Sir Melville Macnaughten hopes, in his Introduction to Days of my Years (Arnold), that his reminiscences "may be found of some interst to a patient reader"; and, when one considers that Sir Melville spent twenty-four years at Scotland Yard, many of them as chief of the Criminal Investigation Department, he can hardly be accused of undue optimism. Speaking as one of his readers, I found no difficulty at all in being patient. I have always had a weakness for official detectives, and have resented the term "Scotland Yard bungler" almost as if it were a personal affront; and now I feel that my resentment is justified. Sotland Yard does not bungle: and the advice I shall give for the future any eager-eyed, enthusiastic young murderer burning to embark on his professional career is, don't practise in London. I would not lightly steal a penny toy in the Metropolitan area. There are two hundred and seventy-nine pages in this story of crime, as seen by the man at the very centre of things, and nearly every one of them is packed with matter of absorbing interest. Consider the titles of the chapters: "Bombs and their Makers"; "Motiveless Murders"; "Half-a-day with the Bloodhounds." This, I submit, is the stuff; this, I contend, is the sort of thing you were looking for. There is something so human and simple in Sir Melville's method of narration that it is with an effort that one realises what an important person he really was, and what extraordinary ability he must have had to win and hold his high position. Even when he disparages blood-hounds I reluctantly submit to his superior knowledge and abandon one of my most cherished illusions. I hate to do it, but if he says that a blood-hound is no more use in tracking criminals than a Shetland pony would be, I must try to believe him.



THE COMPLETE SALESMAN.

Lady (rather difficult to please.) "I like this one, but—I see it's printed in Germany."

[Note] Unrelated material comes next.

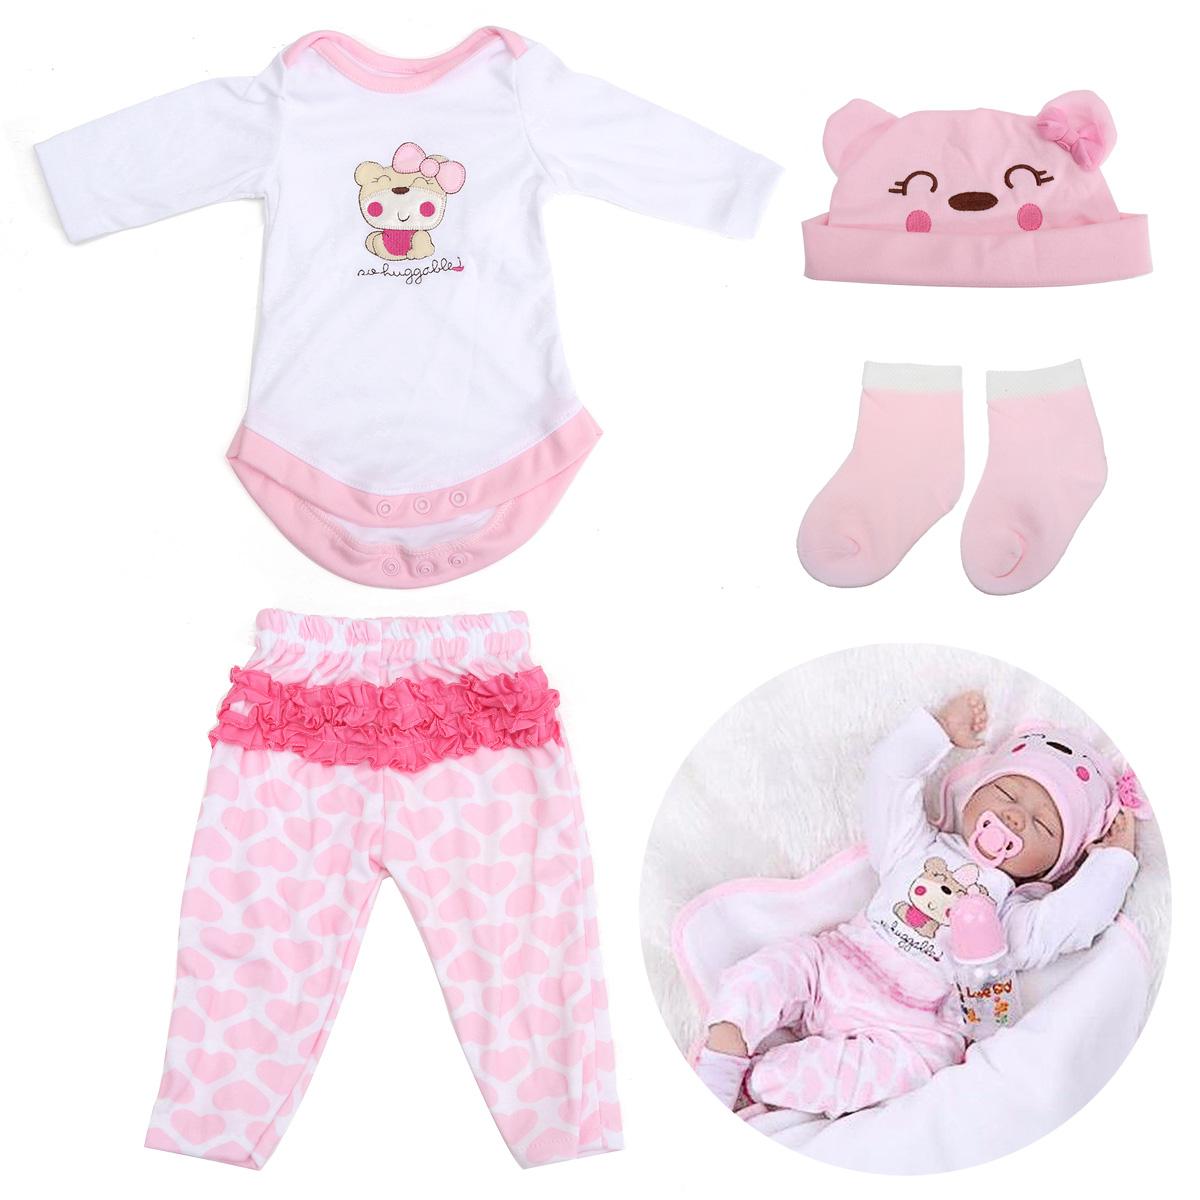 Pink Doll Clothes Set For 22inch Reborn Baby Doll at Banggood

Salesman. "Well, if you like it, Madam, I wouldn't take too much notice of that statement. It's probably only another German lie!"



Revenge.

"After Herr Von Holman Bethwig's wild speech in the German Reichstag the Government might change their minds."

Cork Constitution.

It isn't much one can do to the German Chancellor just now, but these misprints of his name always annoy him, and every little helps.